Task item
For this exercise, output the entries below exactly from the line that holds "Windham Fabrics-Little Farmhouse" to the line that holds "HY 2006 KUMAKARA", both ends included. No pictures belong in the copy.

Information

______________________________

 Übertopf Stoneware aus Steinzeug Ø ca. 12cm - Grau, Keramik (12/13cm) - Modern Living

______________________________

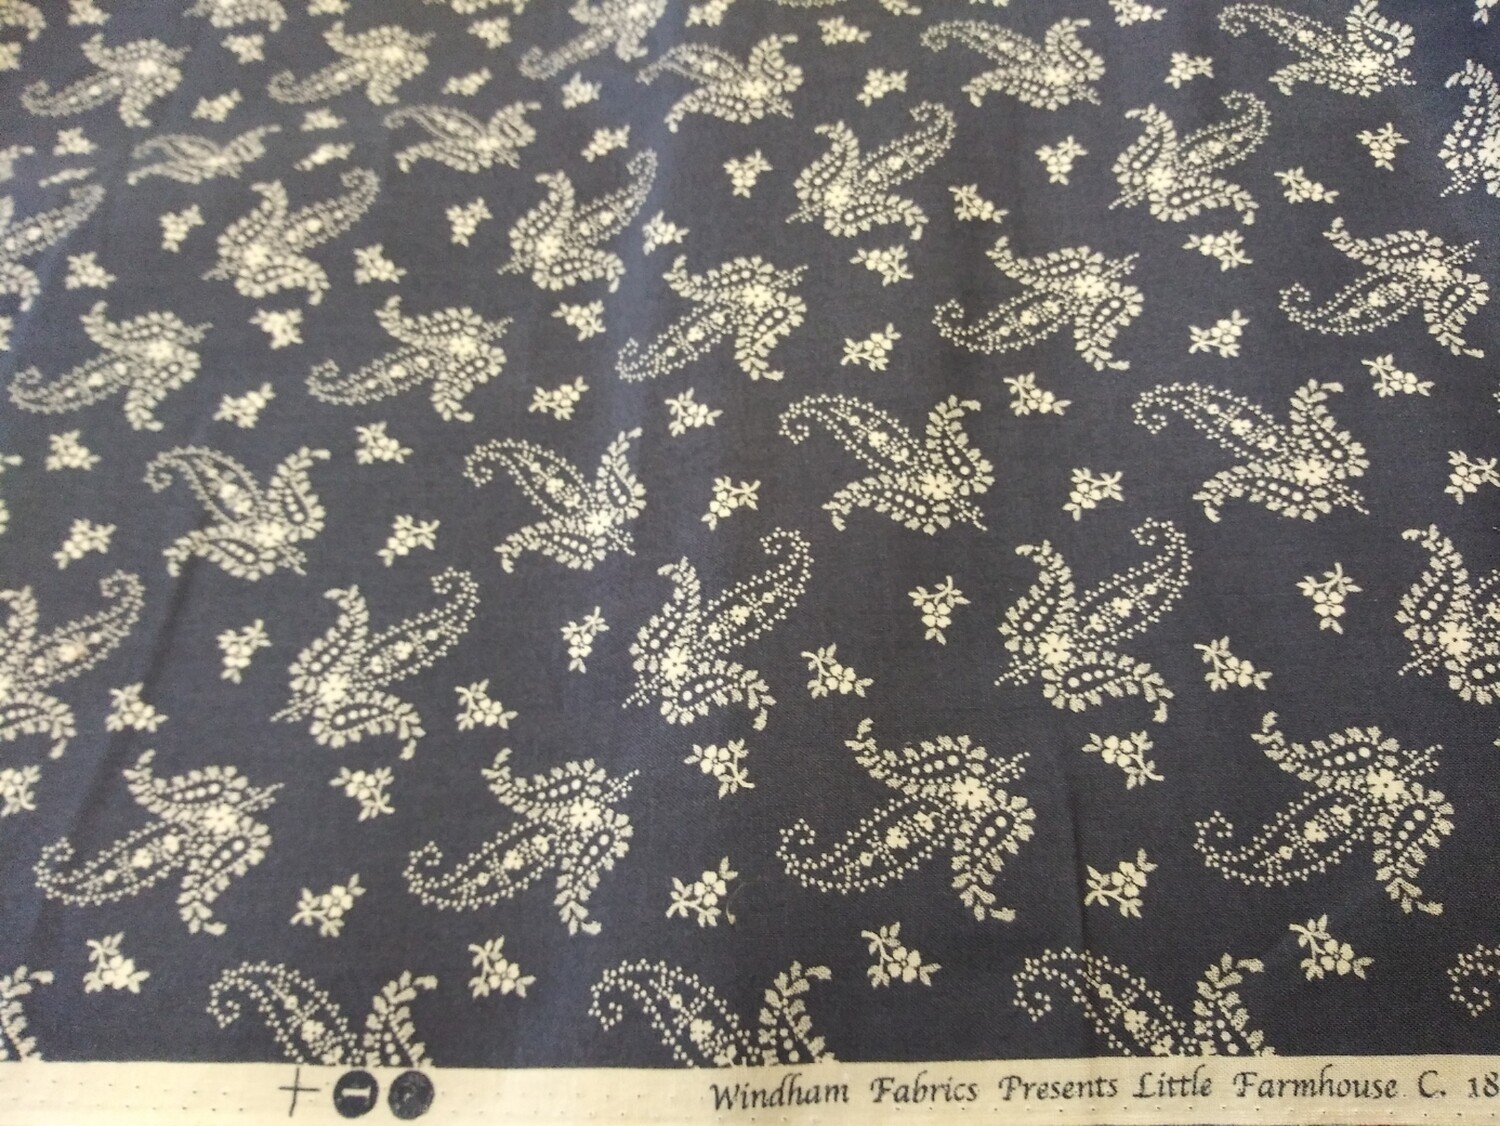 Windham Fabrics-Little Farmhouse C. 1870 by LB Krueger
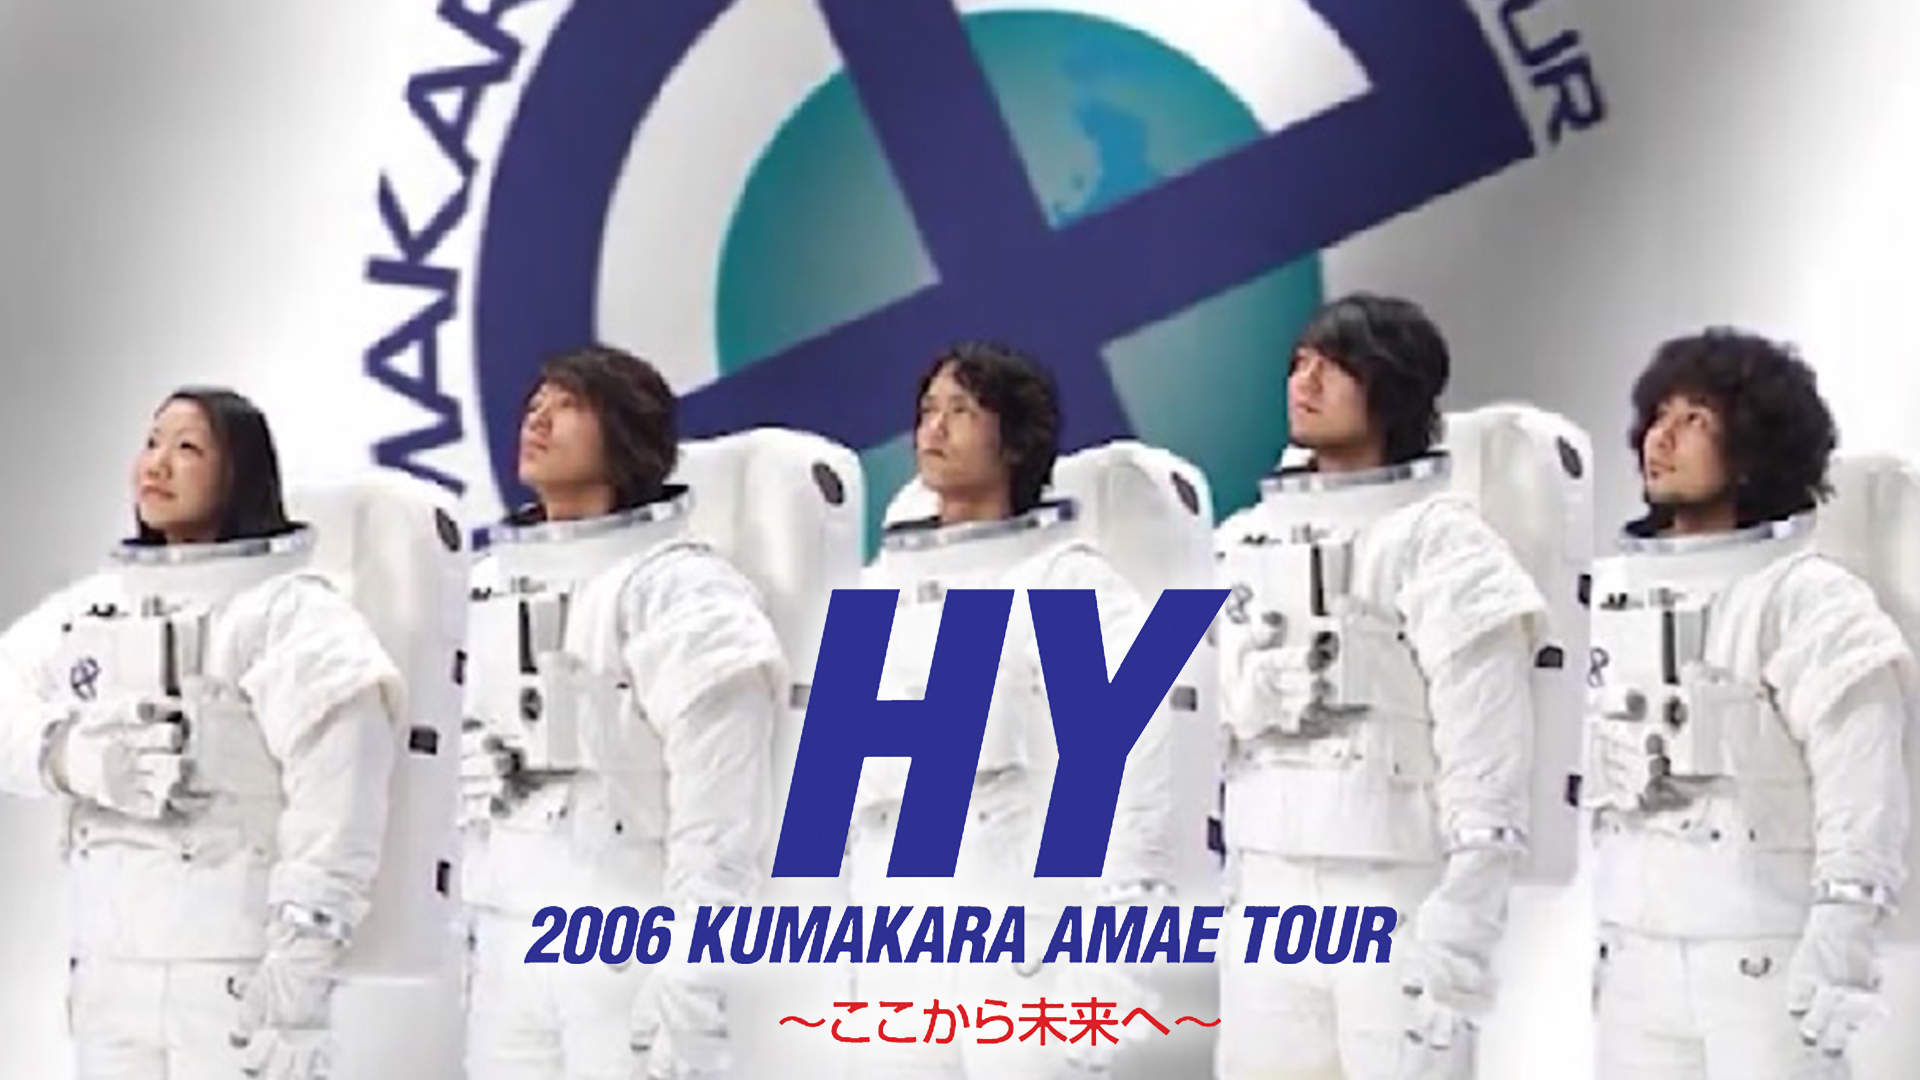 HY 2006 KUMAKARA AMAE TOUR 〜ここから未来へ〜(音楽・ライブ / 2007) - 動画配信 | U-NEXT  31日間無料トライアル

______________________________

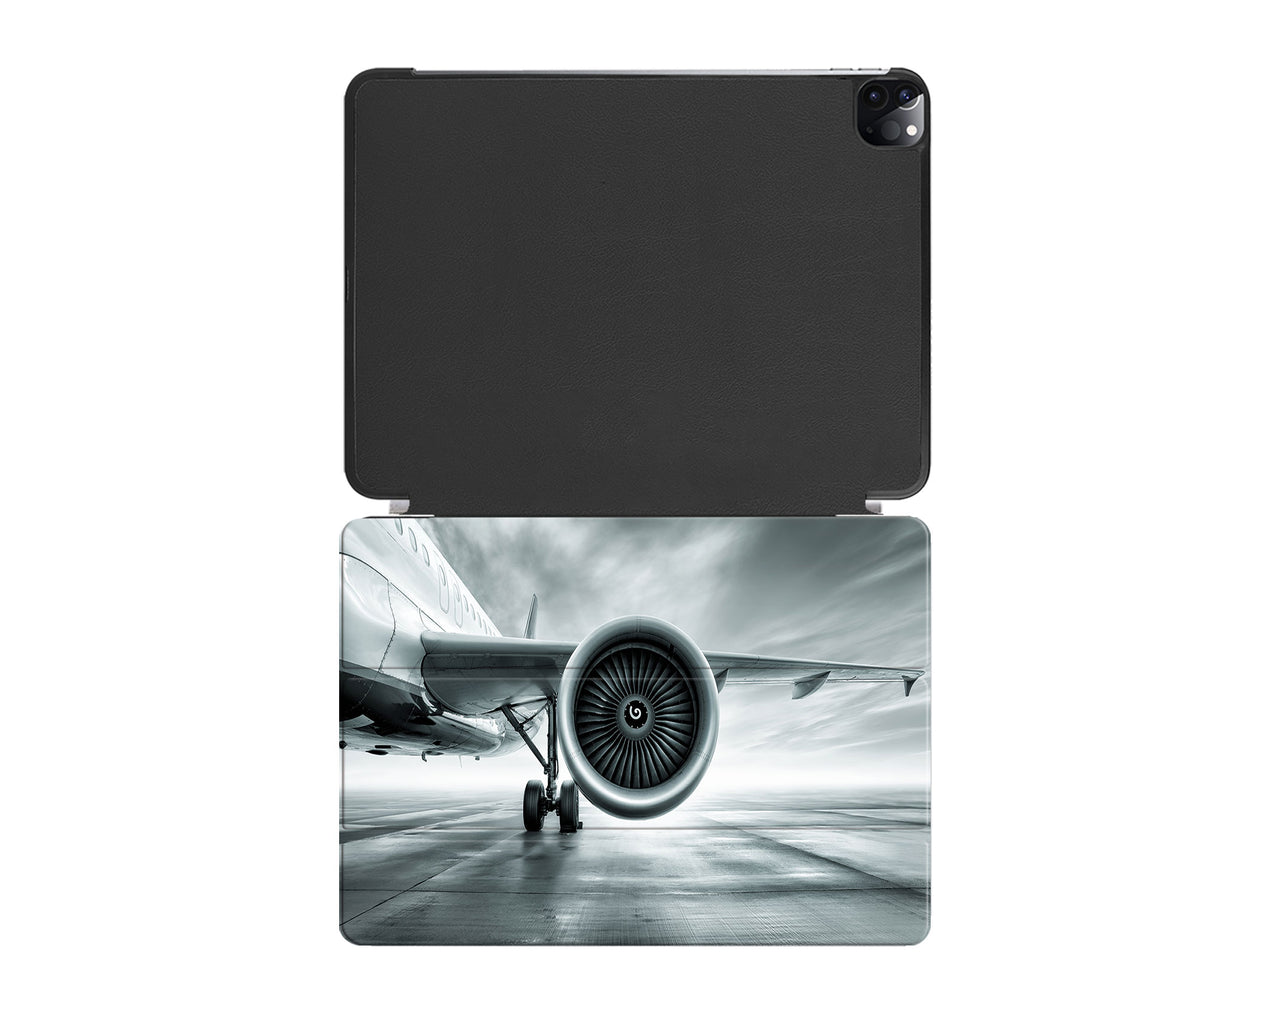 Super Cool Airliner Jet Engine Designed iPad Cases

______________________________

Output
 Windham Fabrics-Little Farmhouse C. 1870 by LB Krueger
 HY 2006 KUMAKARA AMAE TOUR 〜ここから未来へ〜(音楽・ライブ / 2007) - 動画配信 | U-NEXT  31日間無料トライアル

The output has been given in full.